Support chunked request bodies

hongzhidao commented 1 month ago

A draft patch for the MVP of this feature.

Internally, I transferred the chunked request to content-length request since the application process can't handle chunked request now.

Test

conf.json

{
    "listeners": {
        "*:8080": {
            "pass": "routes"
        }
    },
    "routes": [
        {
            "action": {
                "pass": "applications/app"
            }
        }
    ],
    "applications": {
        "app": {
            "type": "python",
            "path": "/www",
            "module": "wsgi"
        }
    }
}

/www/wsgi.py

def application(environ, start_response):
    content_length = int(environ.get('CONTENT_LENGTH', 0))
    body = bytes(environ['wsgi.input'].read(content_length))
    start_response(
        '200', [],
    )
    return [body]

> curl -X POST -d 'hello' -H "Transfer-Encoding: chunked" http://127.0.0.1:8080 -v
Note: Unnecessary use of -X or --request, POST is already inferred.
* Rebuilt URL to: http://127.0.0.1:8080/
*   Trying 127.0.0.1...
* TCP_NODELAY set
* Connected to 127.0.0.1 (127.0.0.1) port 8080 (#0)
> POST / HTTP/1.1
> Host: 127.0.0.1:8080
> User-Agent: curl/7.61.1
> Accept: */*
> Transfer-Encoding: chunked
> Content-Type: application/x-www-form-urlencoded
>
> 5
* upload completely sent off: 12 out of 5 bytes
< HTTP/1.1 200 OK
< Server: Unit/1.33.0
< Date: Wed, 29 May 2024 09:04:27 GMT
< Transfer-Encoding: chunked
<
* Connection #0 to host 127.0.0.1 left intact
hello

avahahn commented 1 month ago

fixes: #445

avahahn commented 1 month ago

Here's a patch that fixes the formatting nits:

diff --git a/src/nxt_h1proto.c b/src/nxt_h1proto.c
index 6550efb9..16f6dcaa 100644
--- a/src/nxt_h1proto.c
+++ b/src/nxt_h1proto.c
@@ -893,10 +893,8 @@ nxt_h1p_request_body_read(nxt_task_t *task, nxt_http_request_t *r)

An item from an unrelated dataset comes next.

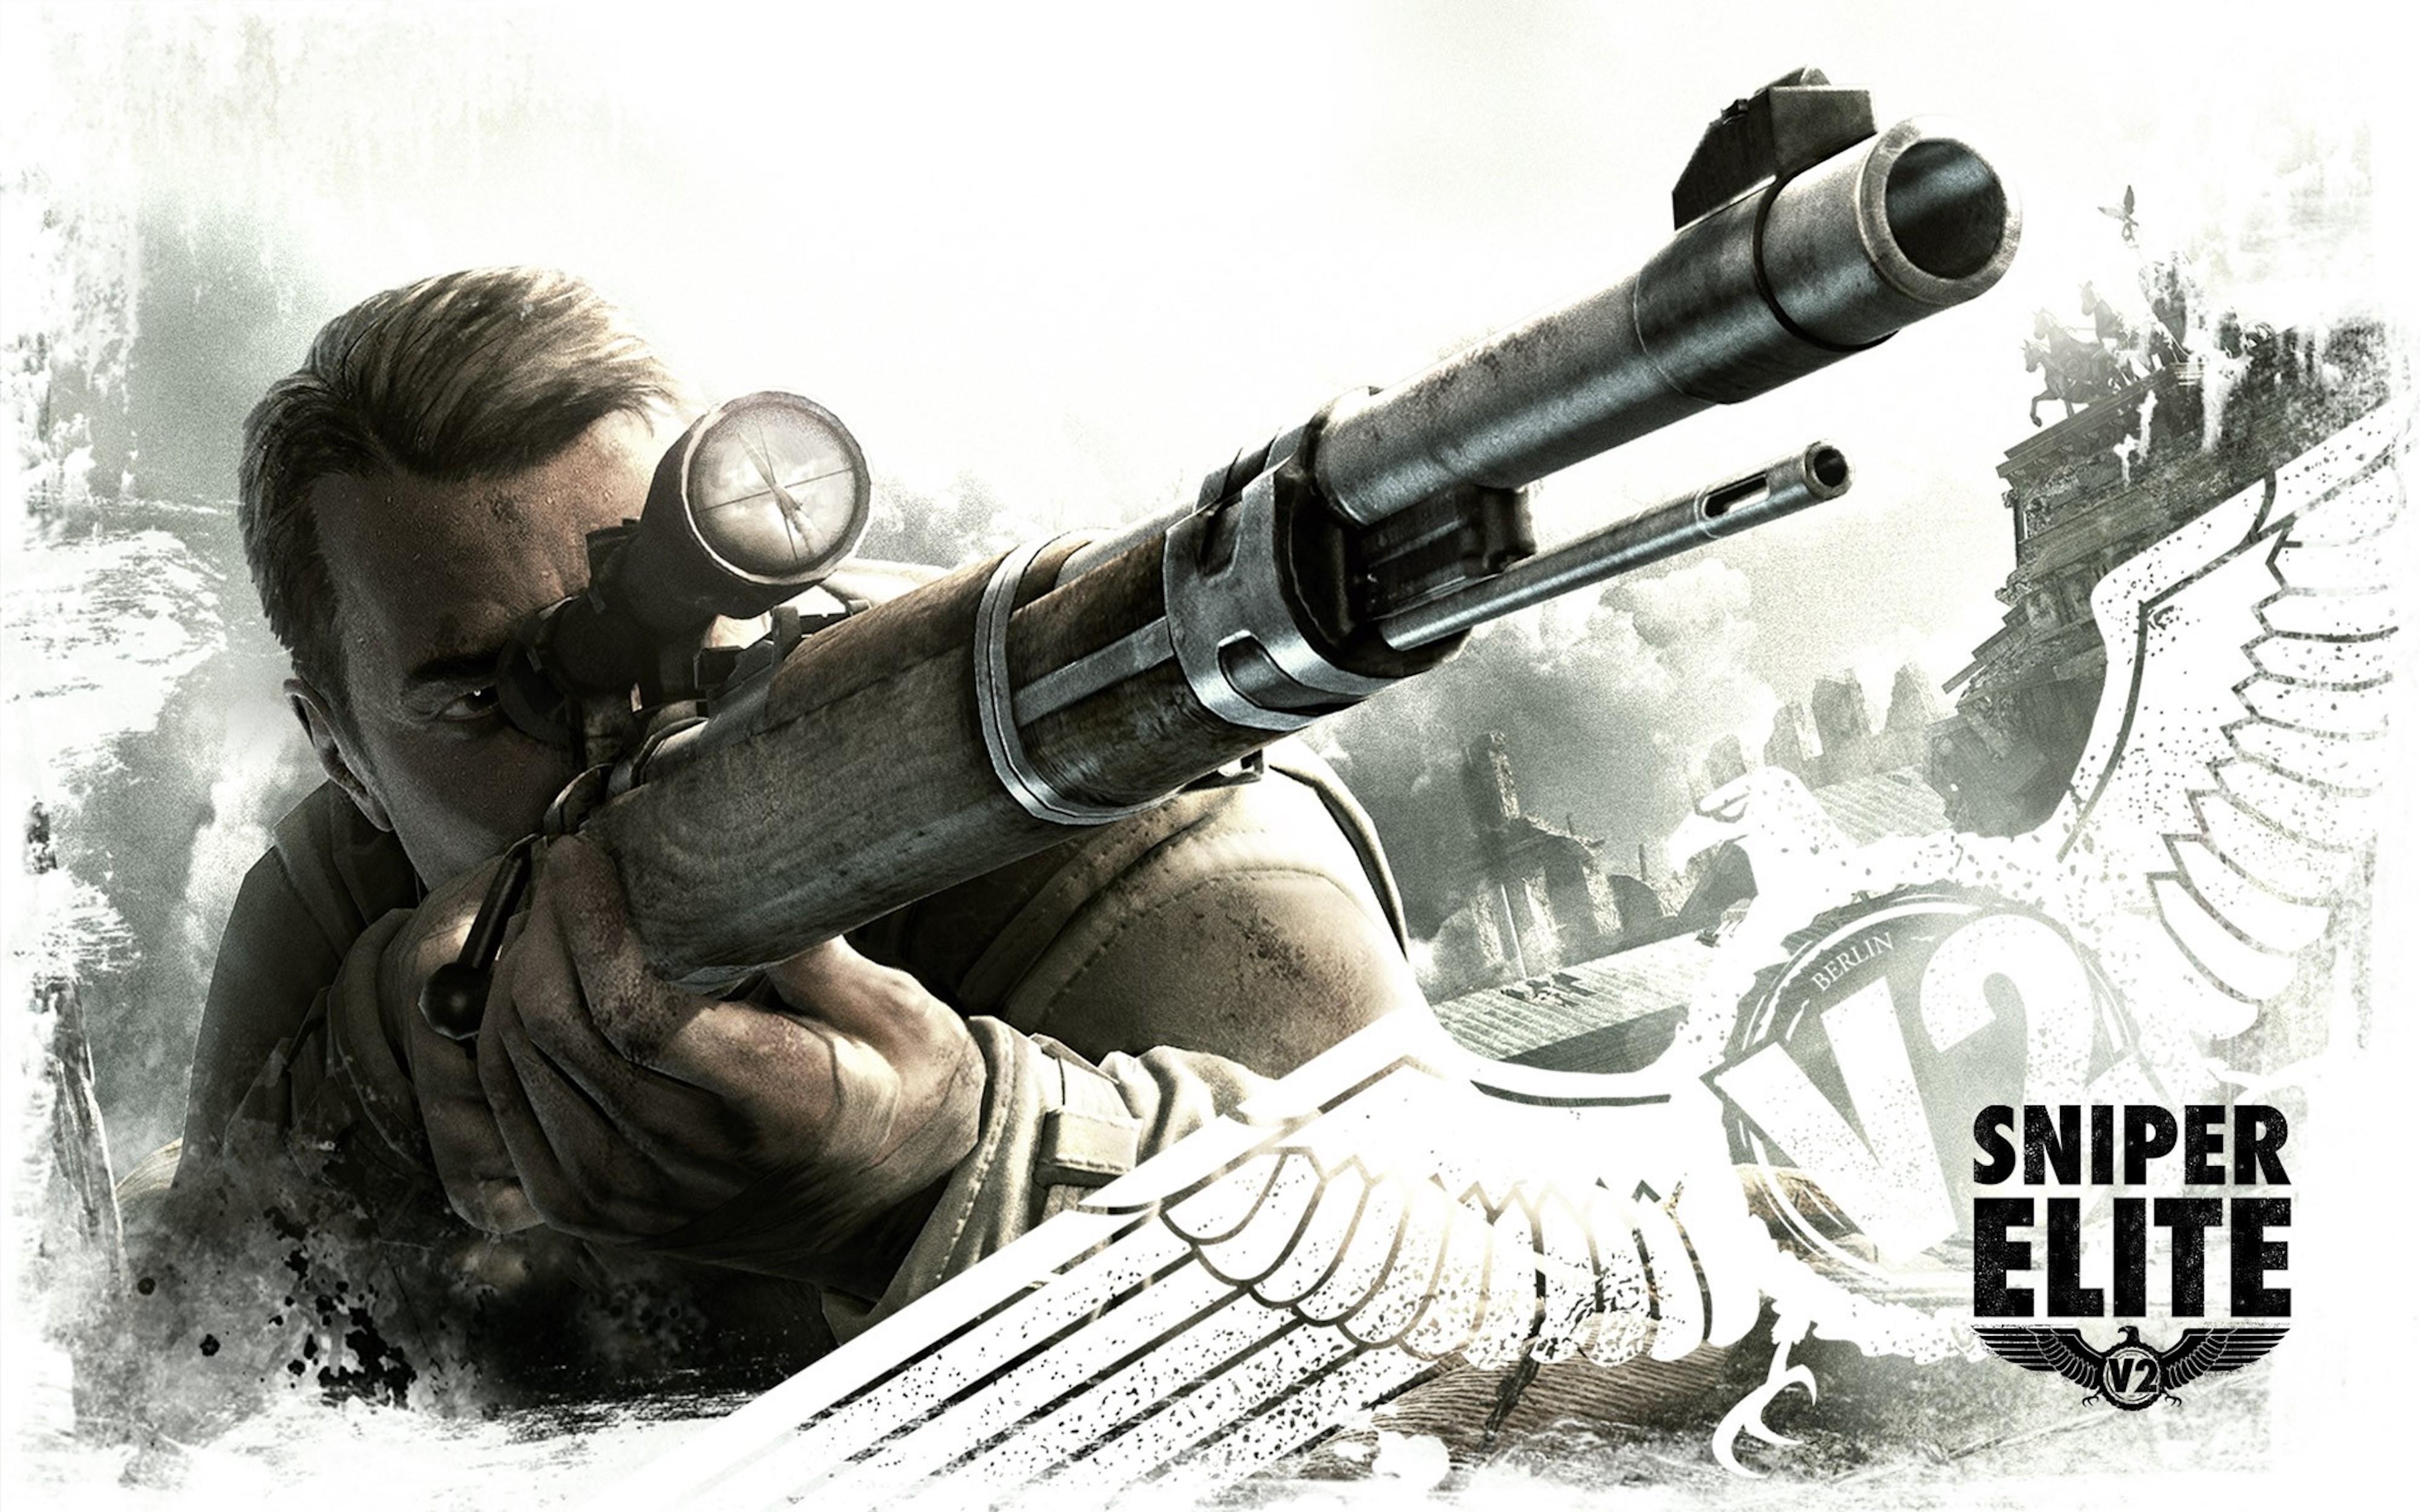 File:Sniper Elite V2 cover.png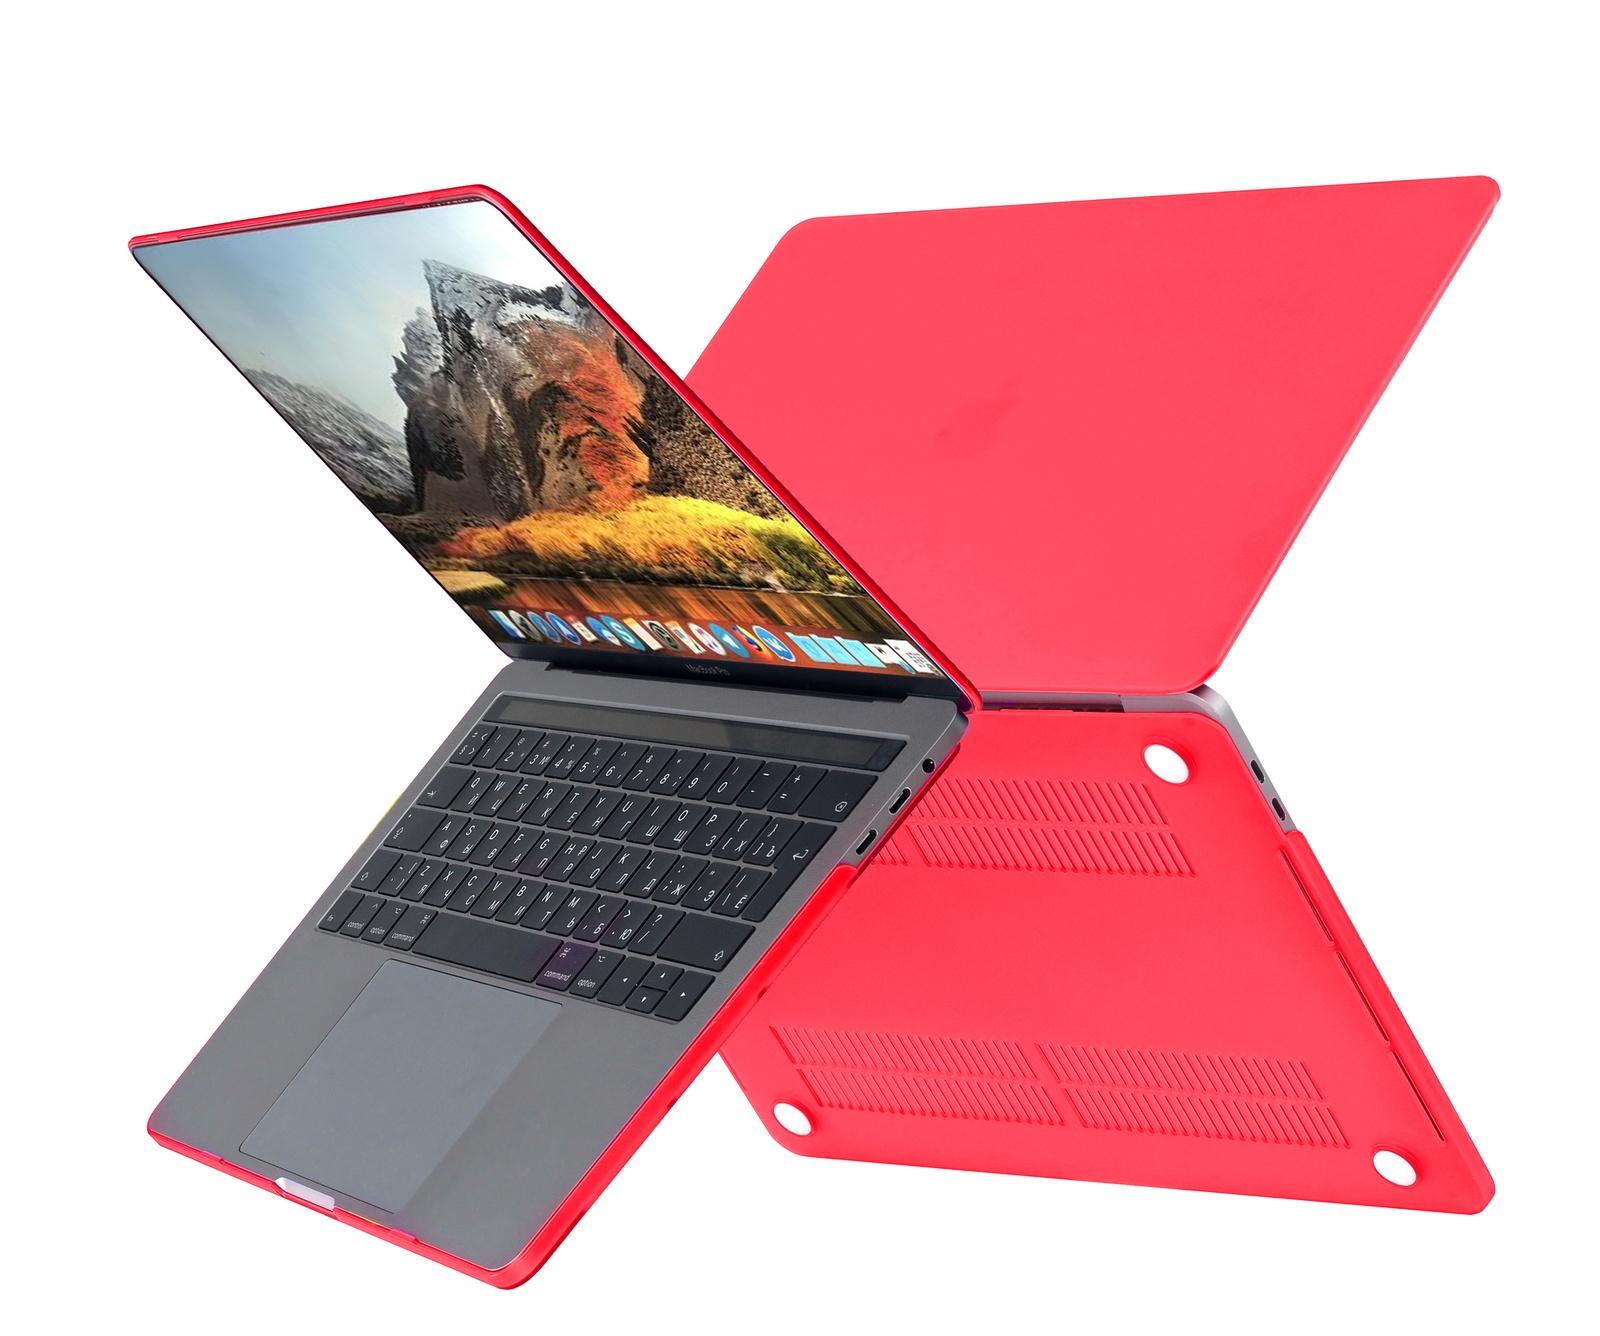 цена на Чехол HardShell Case для Macbook Pro 15 Retina, красный

         nxt_buf_t *out = nxt_http_chunk_parse(task, &h1p->chunked_parse, in);

-        if (h1p->chunked_parse.chunk_error ||
- h1p->chunked_parse.error) {
-            status = NXT_HTTP_NOT_IMPLEMENTED
-;
+        if (h1p->chunked_parse.chunk_error || h1p->chunked_parse.error) {
+            status = NXT_HTTP_NOT_IMPLEMENTED;
             goto error;
         }

@@ -904,8 +902,7 @@ nxt_h1p_request_body_read(nxt_task_t *task, nxt_http_request_t *r)
             out->next = nxt_buf_sync_alloc(r->mem_pool, NXT_BUF_SYNC_LAST);
             out = nxt_h1p_chunk_create(task, r, out);
             r->body = out;
-            r->state->ready_handler(task, r,
-NULL);
+            r->state->ready_handler(task, r, NULL);
             return;
         }
     }

Can we get this PR converted to a non-draft PR? I think we should push this in as a solution for chunked transfer encoded requests.

hongzhidao commented 1 month ago

Can we get this PR converted to a non-draft PR?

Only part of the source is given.